Ortu gue orang kaya, tapi bagi gue, gue itu orang
yang gak berpunya. Karena kan, itu harta mereka, dan gue gak mau bertumpu pada
mereka. Gue pengen hidup mandiri, gue bisa kok hidup dengan usaha gue sendiri.
Oke mas bro dan mba bro, kita mulai dengan lembaran kehidupan gue.
Gue berumur 19 tahun. Dan gue udah punya ijazah SMK,
dan sejak tamat SMK, gue mulai hidup mandiri, gue ninggalin kota yang sumpek
dengan kejahatan, dan gue bisa bernafas lega disini. Gue enggak ngelanjutin
kuliah, bagi gue, gue bisa belajar banyak kok dari pekerjaan gue ini. “Gue
seneng bisa jadi pemandu wisata disitus bersejarah ini” Tekad gue waktu itu.

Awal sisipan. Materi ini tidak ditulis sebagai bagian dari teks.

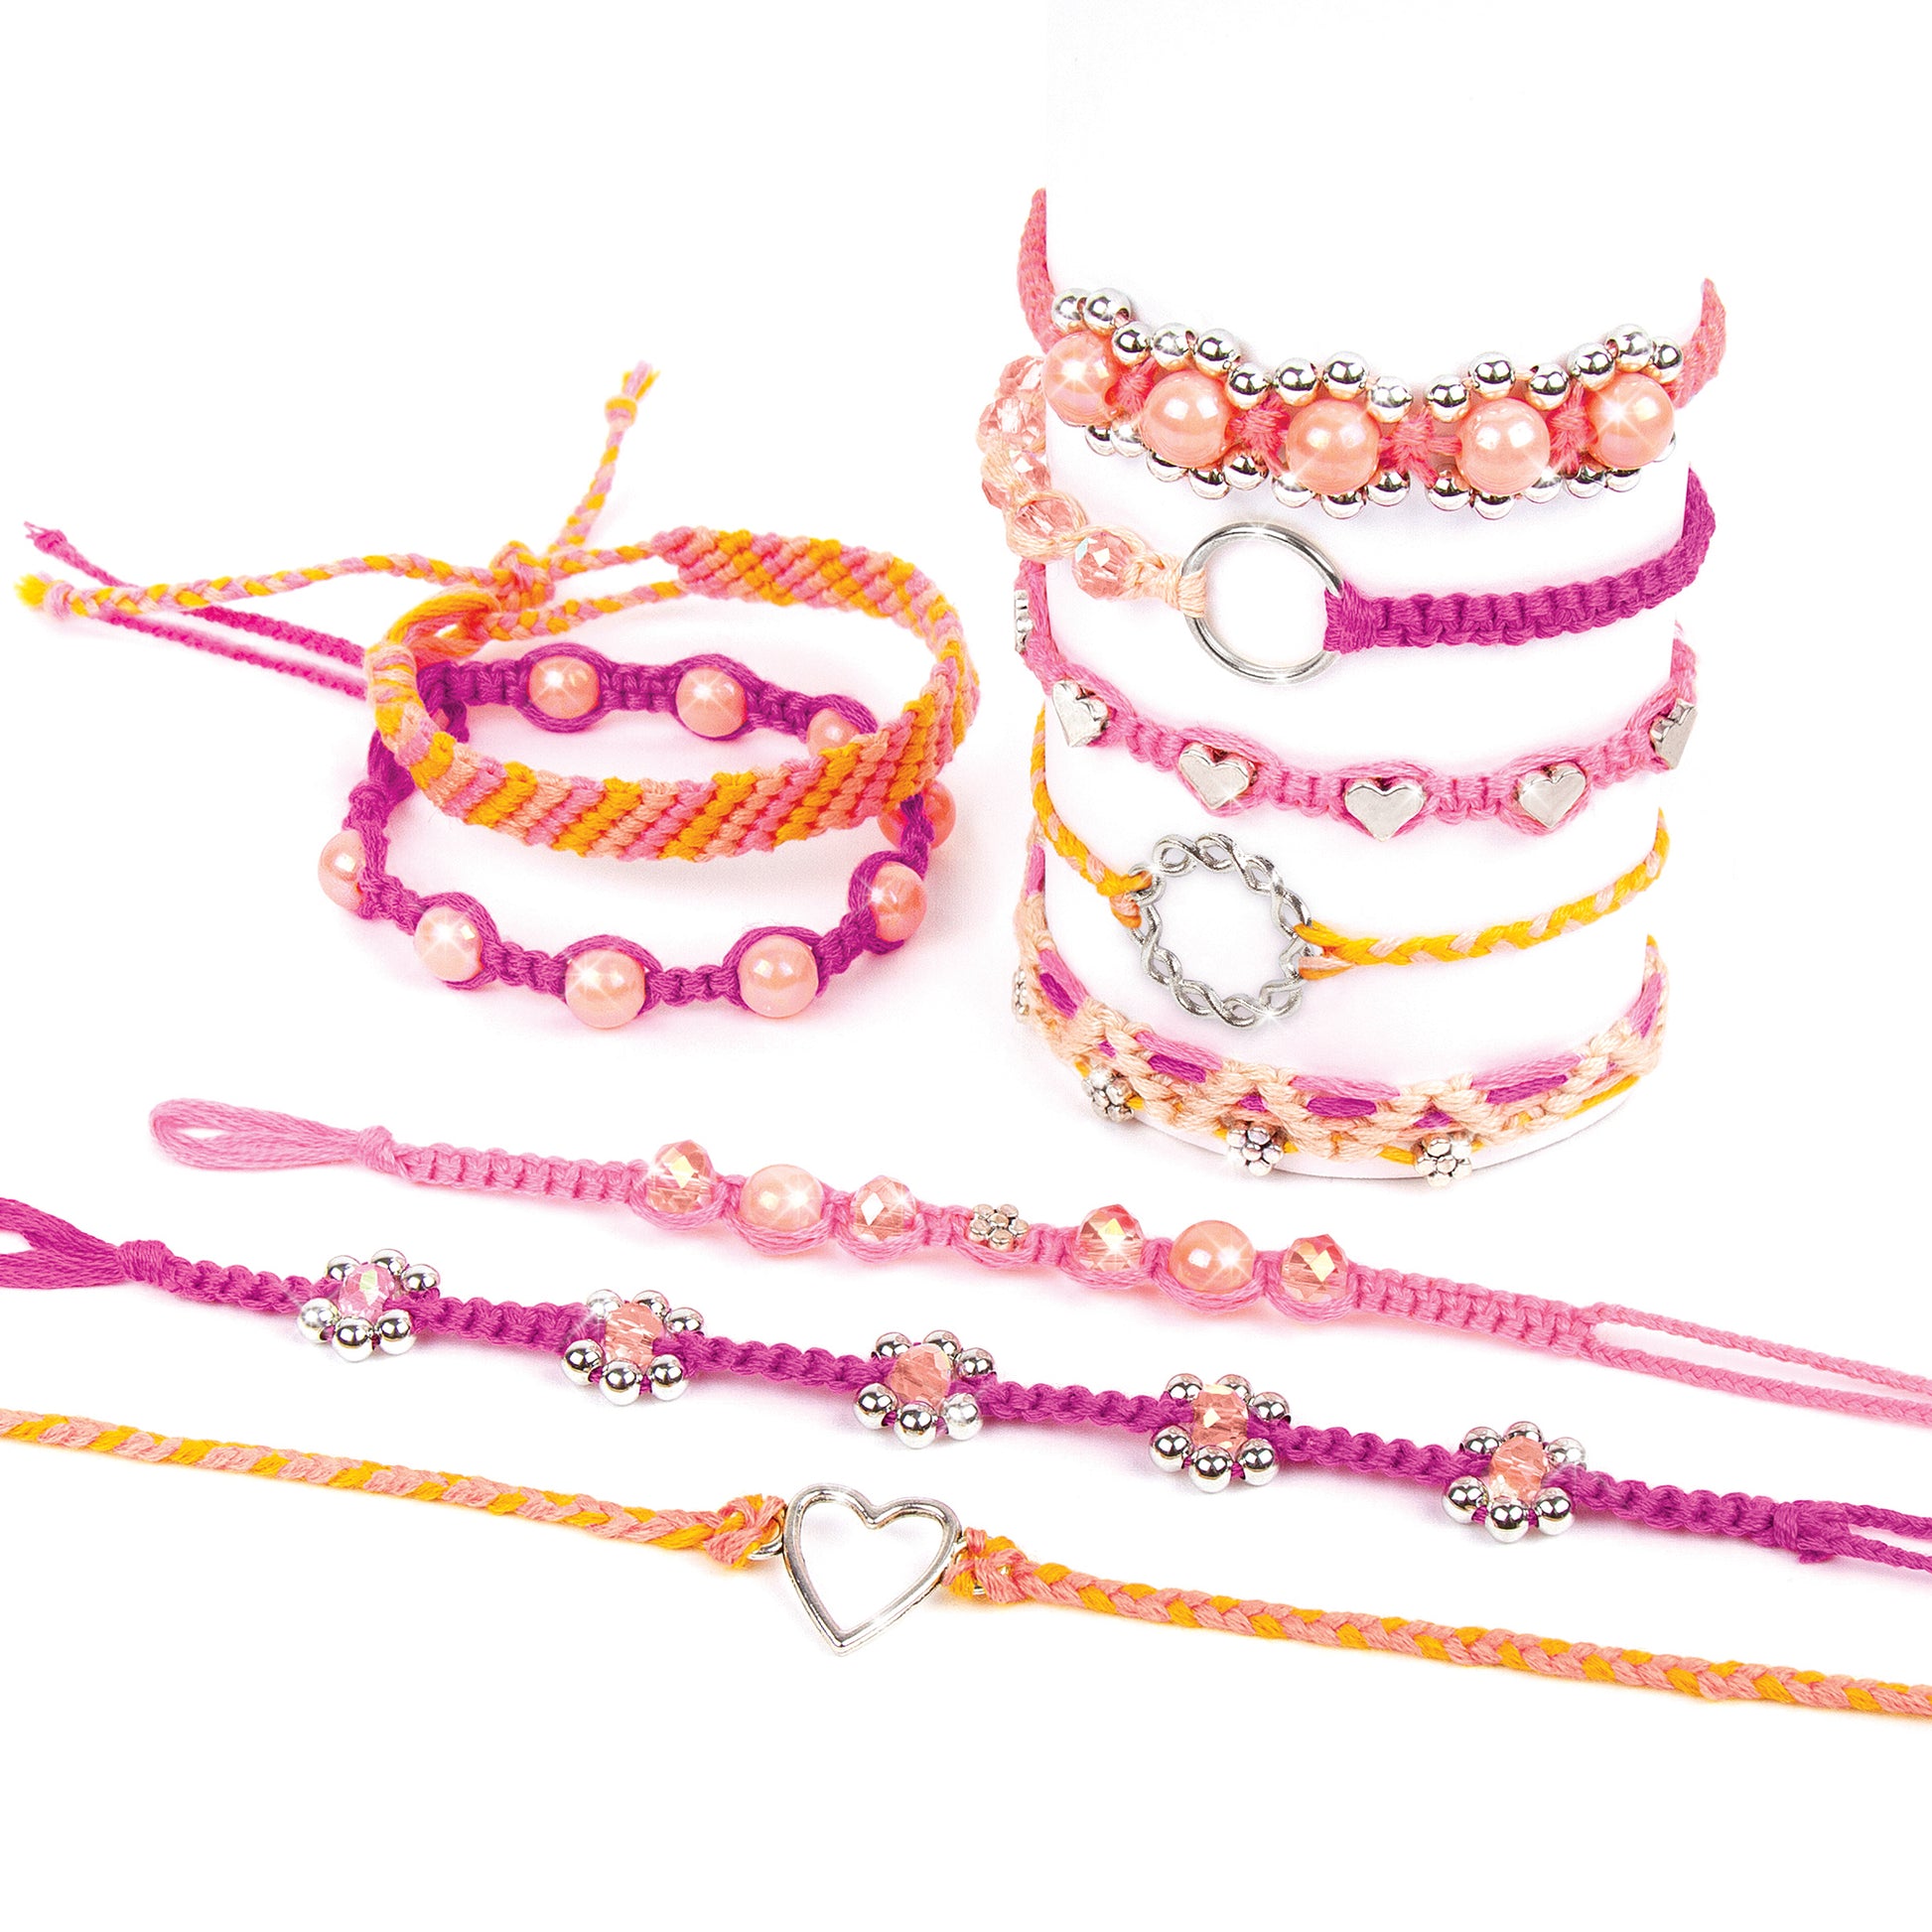 Make It Real Macrame Friendship Bracelets Do It Yourself Bracelet Kit

Kata orang, gue tuh orangnya konyol, trus keras
kepala, ya iyalah…. Di mana- mana, kepala itu keras, kalo lembek bukan kepala….
Iyah gak? Oh iyah, orang bilang sih, aku deso, biarin lah, dipanggil deso juga,
yang penting muka gue gak deso. Dan asal tau aja yah, lebih baik deso daripada
kampung, iyah gak? Atau sama aja? Sama- sama kamseupay? Ah, bodo amat, yang
penting gue masih bisa hidup.
“Jaya, besok akan ada wisatawan luar negeri datang
ke sini! Kamu siap- siap yah pergunakan bahasa Inggris kamu,” perintah bos,
ngagetin lamunan gue.
“Sip bos!” ucap gue enteng.
Bos pun pergi, dan… “Krining
krining… krining krining”, suara handphone gue bunyi. Ternyata nyokap gue nelephone.

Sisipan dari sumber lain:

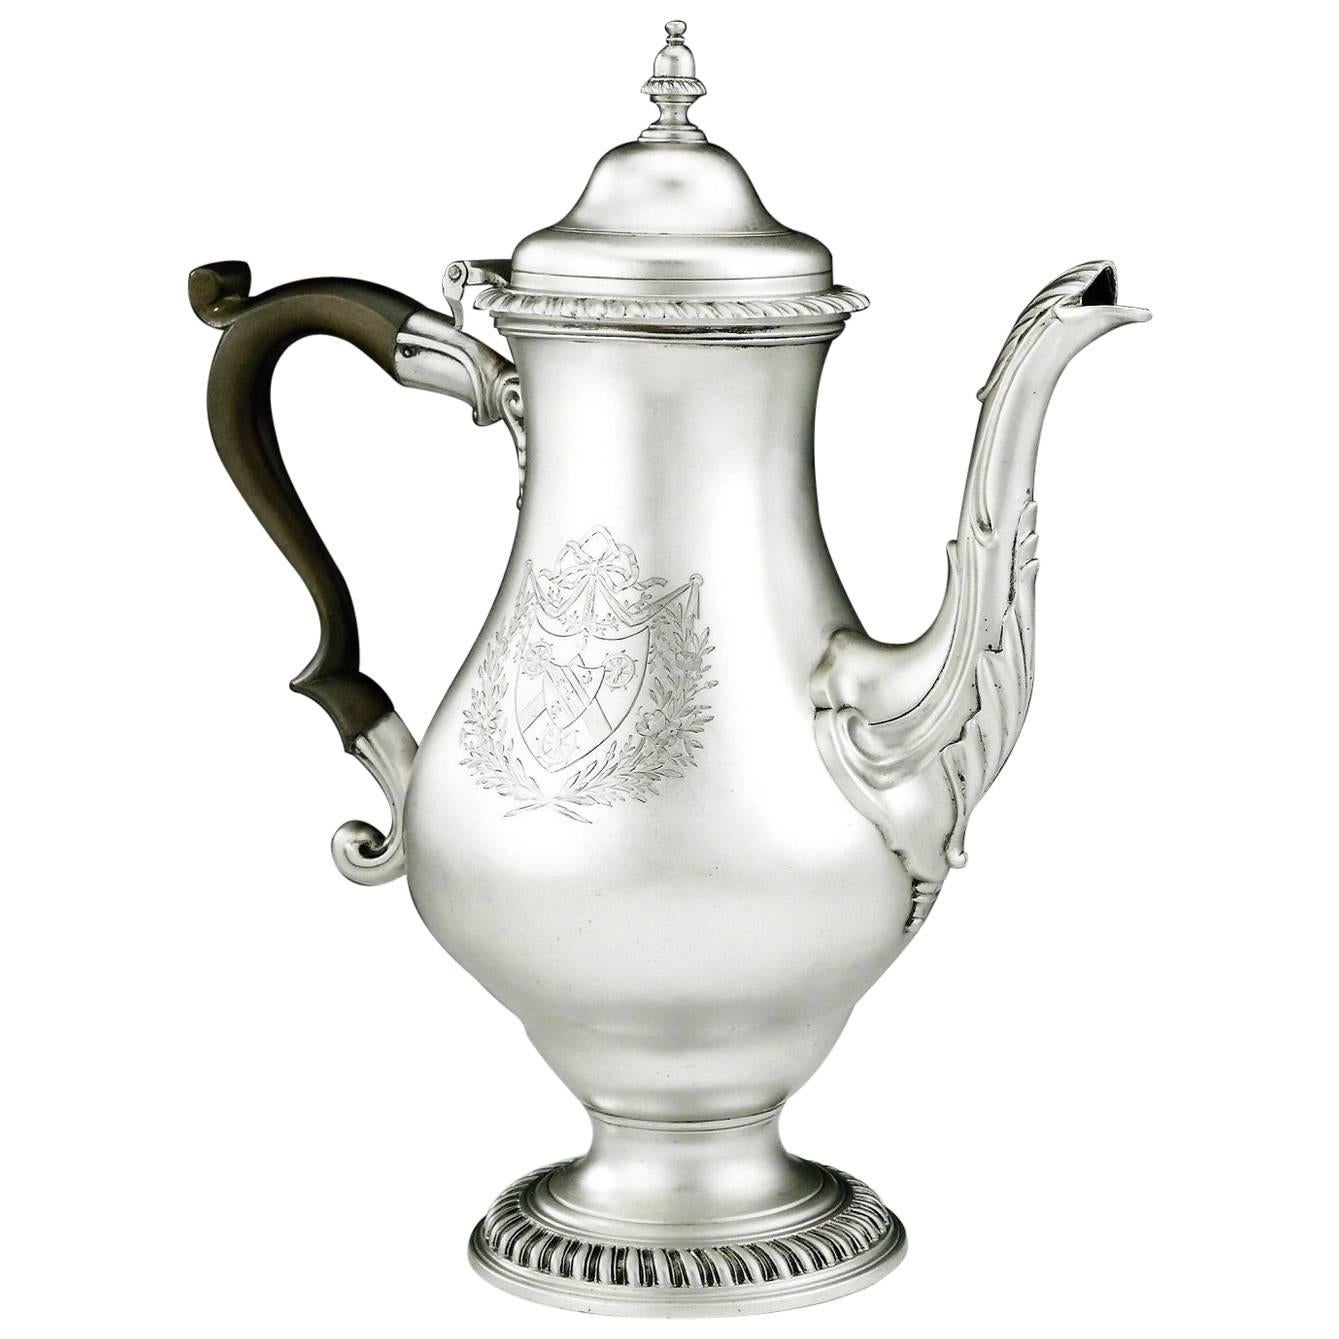 Pot à café George III extrêmement raffiné fabriqué à Londres en 1772 par John Deacon

“Sanjaya, apa kabar?” tanyanya.
“Baik, Ayah dan Ibu bagaimana?”
tanyaku, eh, kok aku, gue kali, ah, apa aja deh yang
penting oke…. Iya gak sih?
“What? Ayah? Ibu?” tanyanya.
“Iyah… Ini Ibu kan?” tanya gue bingung.
“Don’t called Ibu and Ayah…. Because, it’s
Kamseupay, You know?” ucapnya.
“Ok, I’m understand….Mam” ucap gue.
(Pasti aja kayak gini, gak boleh panggil Ibu dan
Bapak) Omel gue dalam hati.
“Eh, selama kamu di Desa, gak ada yang usil sama
kamu?” ucap Ibu, eh Mamih.
“Enggak kok…. Mih,” ucap gue.
“Kalo ada yang usil sama kamu, ngomong aja sama
Mamih, waktu muda dulu, Mamih jago Taekwondo lho, makanya, kalo kamu ada yang
ngejahilin…. Hmm, berurusan sama Mamih,” ucapnya.
(Jago Taekwondo? Waktu muda? Yah sih, waktu muda!
Tapi sekarang? Liat tikus aja takutnya…. Selangit) Ucapku dalam hati.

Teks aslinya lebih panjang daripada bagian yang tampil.